Hello Mr Chu,
[ I am resending this e-mail, because I forgot to use "ReplyToAll" in my first sending, so the e-mail was not sent to openldap-technical)]
Thanks for explanation. I have just the last question. As RFC4514 says:
" If the AttributeType is of the dotted-decimal form, the AttributeValue is represented by an number sign ('#' U+0023) character followed by the hexadecimal encoding of each of the octets of the BER encoding of the X.500 AttributeValue " " It suggest that the legal form of RDN with BER encoding is:
<attribute type OID>=#<BER encoded value in form of hexstring>
However, according to the syntax the form:
<attribute type NAME>=#<BER encoded value in form of hexstring>
is also correct.
Should we also consider the form:
<attribute type NAME>=#<BER encoded value in form of hexstring>
as legal?
Sorry for asking for such a detail, but we want to avoid any misunderstanding in the patch preparation.
Regards,
Lech POFELSKI
-----Original Message----- From: Howard Chu [mailto:hyc@symas.com] Sent: Thursday, April 30, 2015 3:28 PM To: Pofelski, Lech; openldap-technical@openldap.org Subject: Re: About RDN values starting with #
Pofelski, Lech wrote:
Hello Mr Chu,
Thanks for proposing us to submit a patch.

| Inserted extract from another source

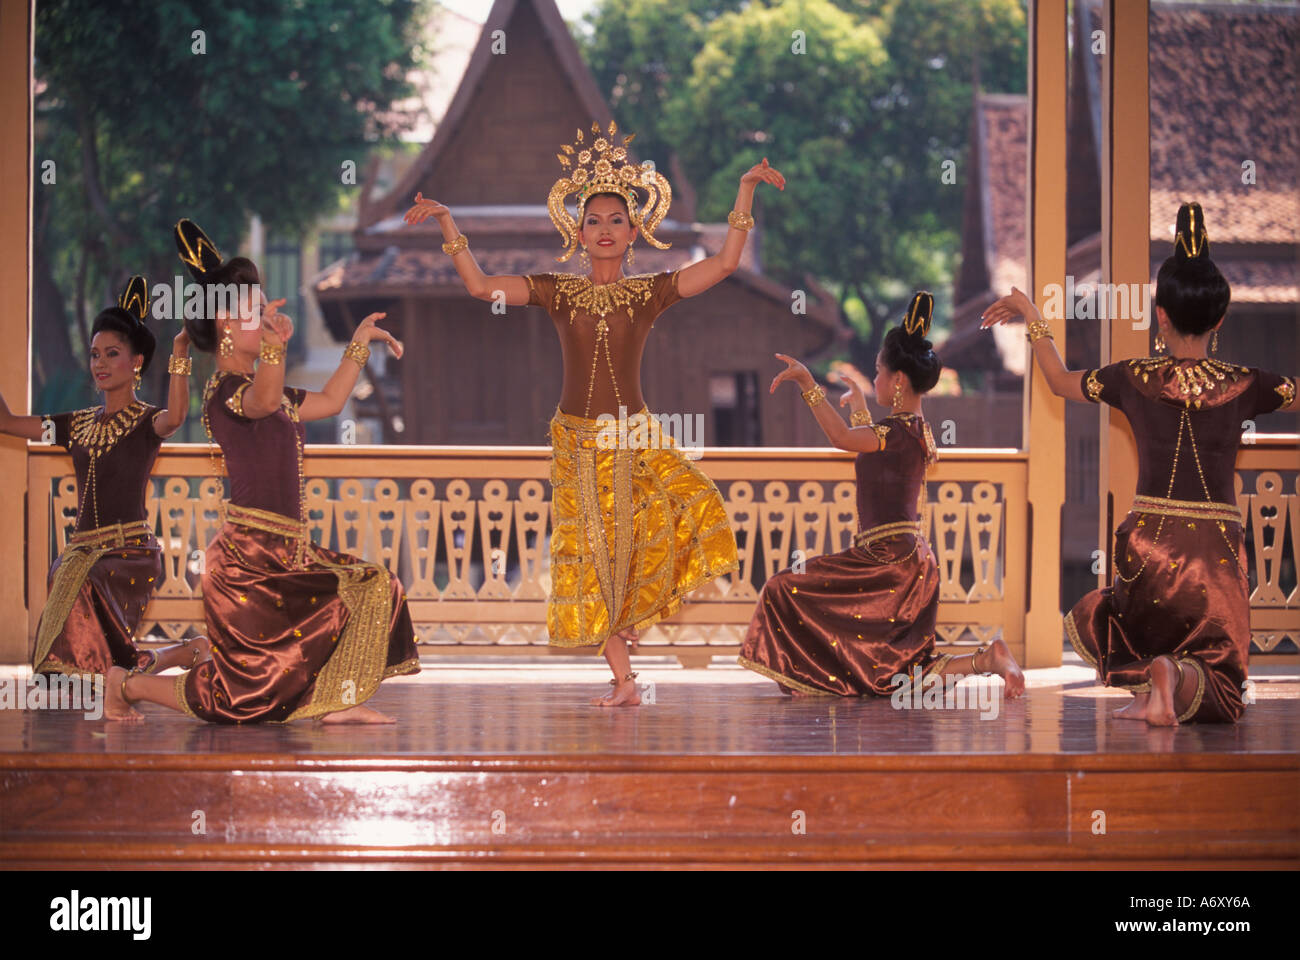 Des danseurs traditionnels thaïlandais, le palais de Vinmanmek, Bangkok, Thaïlande Banque D'Images

We are starting to work on it. There is still one point to clarify about two possible forms of RDNs with values starting with #. The RFC4514 says: " If the AttributeType is of the dotted-decimal form, the AttributeValue is represented by an number sign ('#' U+0023) character followed by the hexadecimal encoding of each of the octets of the BER encoding of the X.500 AttributeValue "
This statement explains clearly, without any ambiguity the case when the RDN is of form:
<attribute type OID>=#<BER encoded value in form of hexstring>
However, the RDN syntax definition presented in the same RFC allows also the form:
<attribute type NAME>=#<hexstring>
i.e. where the AttributeType is NOT and OID. This form has the <hexstring> value which does not seem to be explicitly restricted by any constraint, i.e. it is not necessarily a BER.
In brief, there may be two interpretations of this part of the RFC:
- A permissive one:
o In the form <attribute type NAME>=#<hexstring> any <hexstring> is allowed (implicitly, by syntax and not constrained) o In the form <attribute type OID>=#<hexstring> only BER <hexstring> is allowed (explicitly, including examples)
- A restrictive one:
o in both cases (attribute type NAME / OID)=#<hexstring> - only BER <hexstring> is allowed
Note that in any case we consider only the attribute types having the syntax of Octet String, so as we discussed earlier we don't expect any pitfall issue described in (https://www.openldap.org/its/index.cgi/Software%20Bugs?id=6570).
Between the two interpretations presented above our preferred choice is the permissive one, i.e. <attribute type NAME>=#<hex string>, with no constraint on the <hex string> value. Note that the restrictive interpretation seems to be more restrictive than the RFC itself.
Which interpretation would you recommend for our fix?
The text is quite clear - the hexstring is of the BER encoding of the value. There is no ambiguity here.
"This form is also used when the AttributeValue does not have an LDAP-specific string encoding for it, or the LDAP-specific string encoding is not restricted to UTF-8 encoded Unicode characters."
"This form" refers to "the AttributeValue is represented by an number sign ('#' U+0023) character followed by the hexadecimal encoding of each of the octets of the BER encoding of the X.500 AttributeValue."
It does not allow the possibility of any other "form."